Ukraine civilian toll nears 7,000
Ukraine's president says almost 7,000 civilians have died and a thousand more remain unaccounted for as a result of the unrest that has gripped his country over the past year.
Petro Poroshenko said 1,657 Ukrainian troops had died in fighting with Russian-backed separatists seeking the breakaway of two eastern regions.
Mr Poroshenko's figures mark a major upward revision of earlier estimates.
An uneasy ceasefire has been in place since mid-February, but has been marred by regular violations.
The most recent United Nations tally estimated around 6,100 people had been killed.
Mr Poroshenko gave the new figures as he addressed an assembly packed with soldiers before the opening of parliament in Kiev.
Moscow has always denied supplying separatist rebels with equipment or manpower, but it has been open in its diplomatic support for the separatists.
Mr Poroshenko said Russian involvement in the war had forced Ukraine to seek to align closer with the West.

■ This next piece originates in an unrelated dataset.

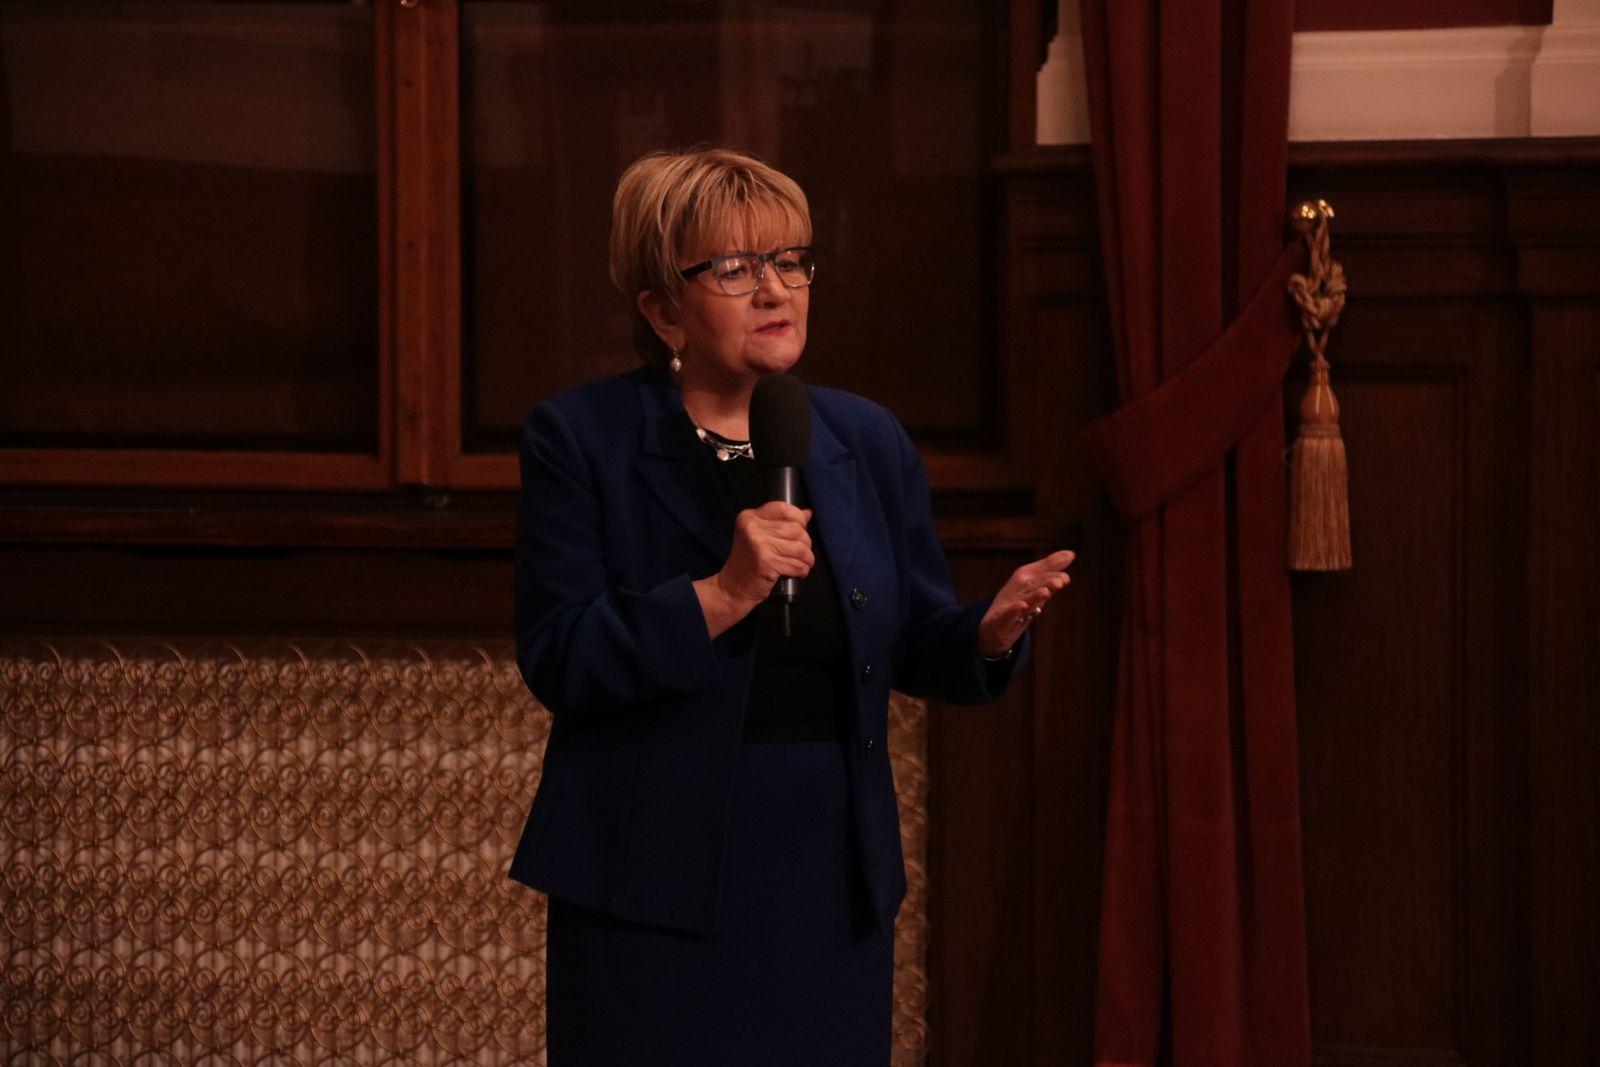 Alicja Kobus, wiceprzewodniczącą Związku Gmin Wyznaniowych Żydowskich w RP i przewodniczącą Gminy Żydowskiej w Poznaniu

"Given that the Russian threat is long-term and considering that the aggressive stance and policy of the Russian Federation poses a major threat to national security, the strategy aims to reach full compatibility in the security and defence sectors of Ukraine and Nato," Mr Poroshenko said.
The uneasy ceasefire that has been in place in the eastern regions of Donetsk and Luhansk has been violated by both sides deploying heavy weapons near the front line, according to international monitors.

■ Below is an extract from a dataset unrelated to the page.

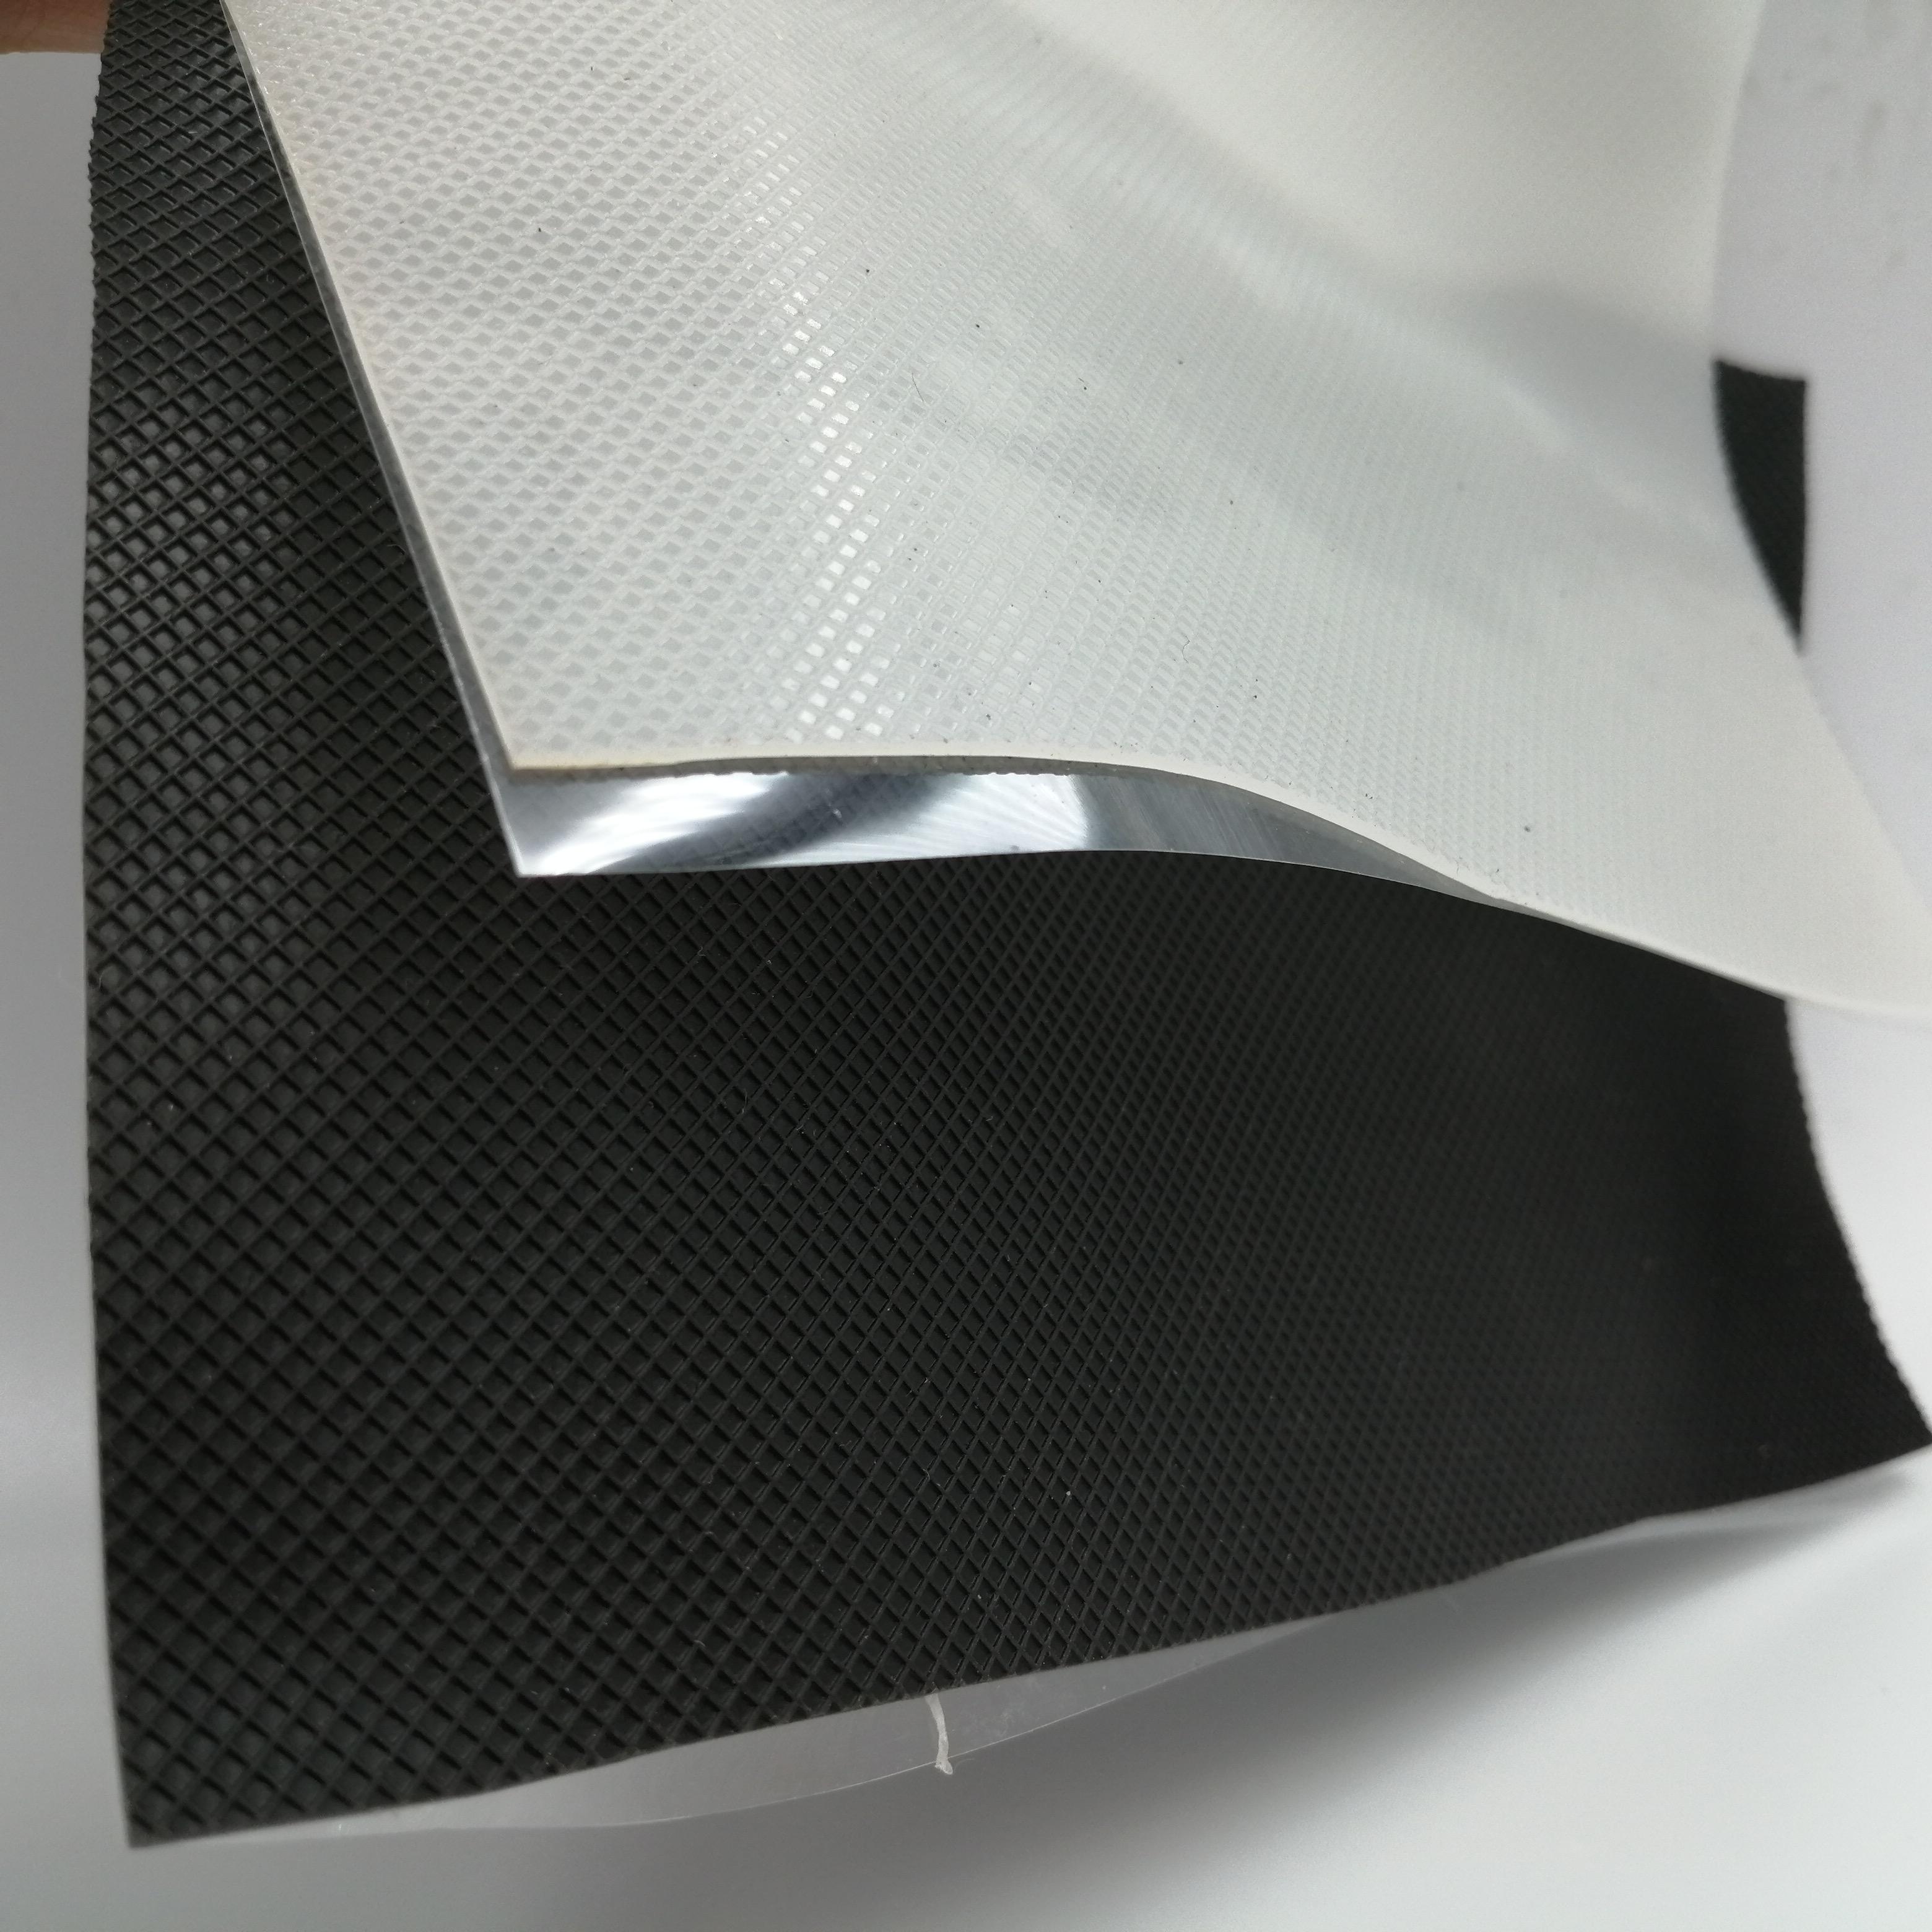 網格硅膠墊 格紋硅膠墊 紋路硅膠墊

Separatists have been showing off large amounts of hardware in rehearsal for a military parade later this week in their stronghold of Donetsk. The city is a few miles from the front line, so deployment of any firepower with a calibre above 100mm would nominally be in violation of the ceasefire.
Mr Poroshenko said the peace deal remained the only option for restoring stability to east Ukraine.

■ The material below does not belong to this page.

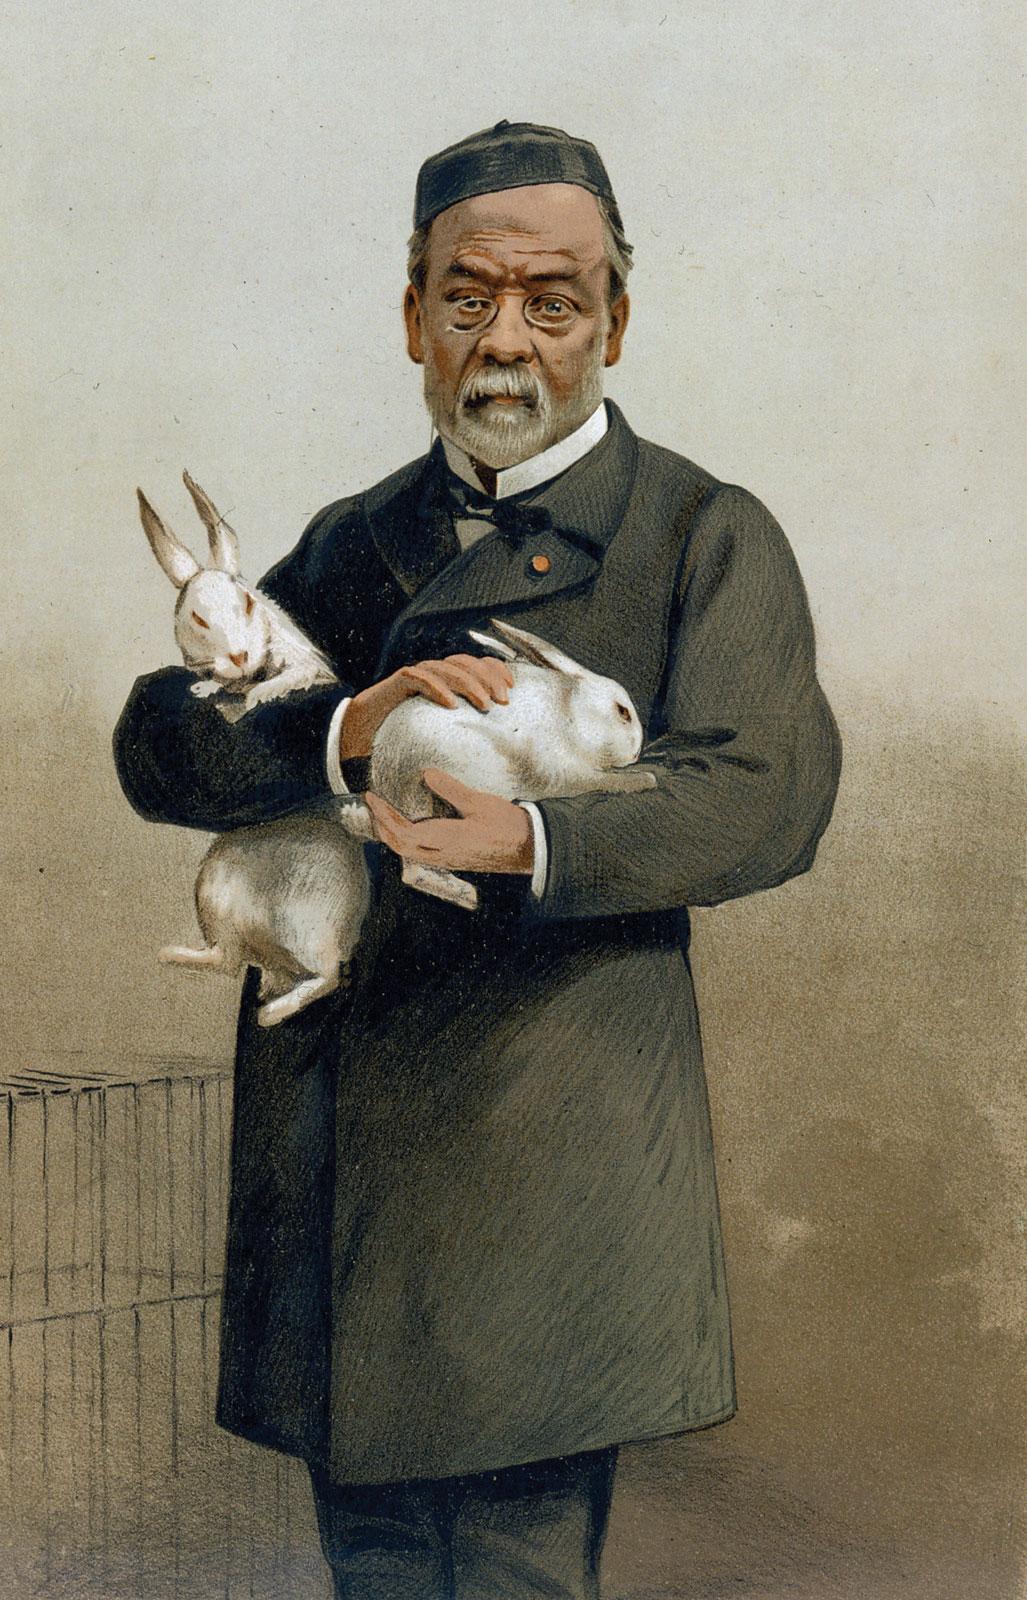 Louis Pasteur holding experimental rabbits

"This has enabled some degree of de-escalation in the conflict," he said. "Every day in which nobody dies is like a feast day for me."
Military spokesman Andriy Lysenko said two soldiers had been killed and 26 injured over the previous 24 hours.
In a calculated snub to Russia, Ukraine this year brought its Second World War victory celebrations forward by one day to May 8, the date marked in western Europe.
Moscow is to hold a grand military parade tomorrow to mark the 70th anniversary of the Soviet Union's victory over Nazi Germany.
Ukraine has adopted the red poppy as a commemorative symbol at pointed variance with Russia, where wearing the black and orange St George's ribbon has been commonplace.
A climber today scaled the 102-metre Motherland Monument in Kiev to attach a braid of giant artificial poppies around the head of the statue.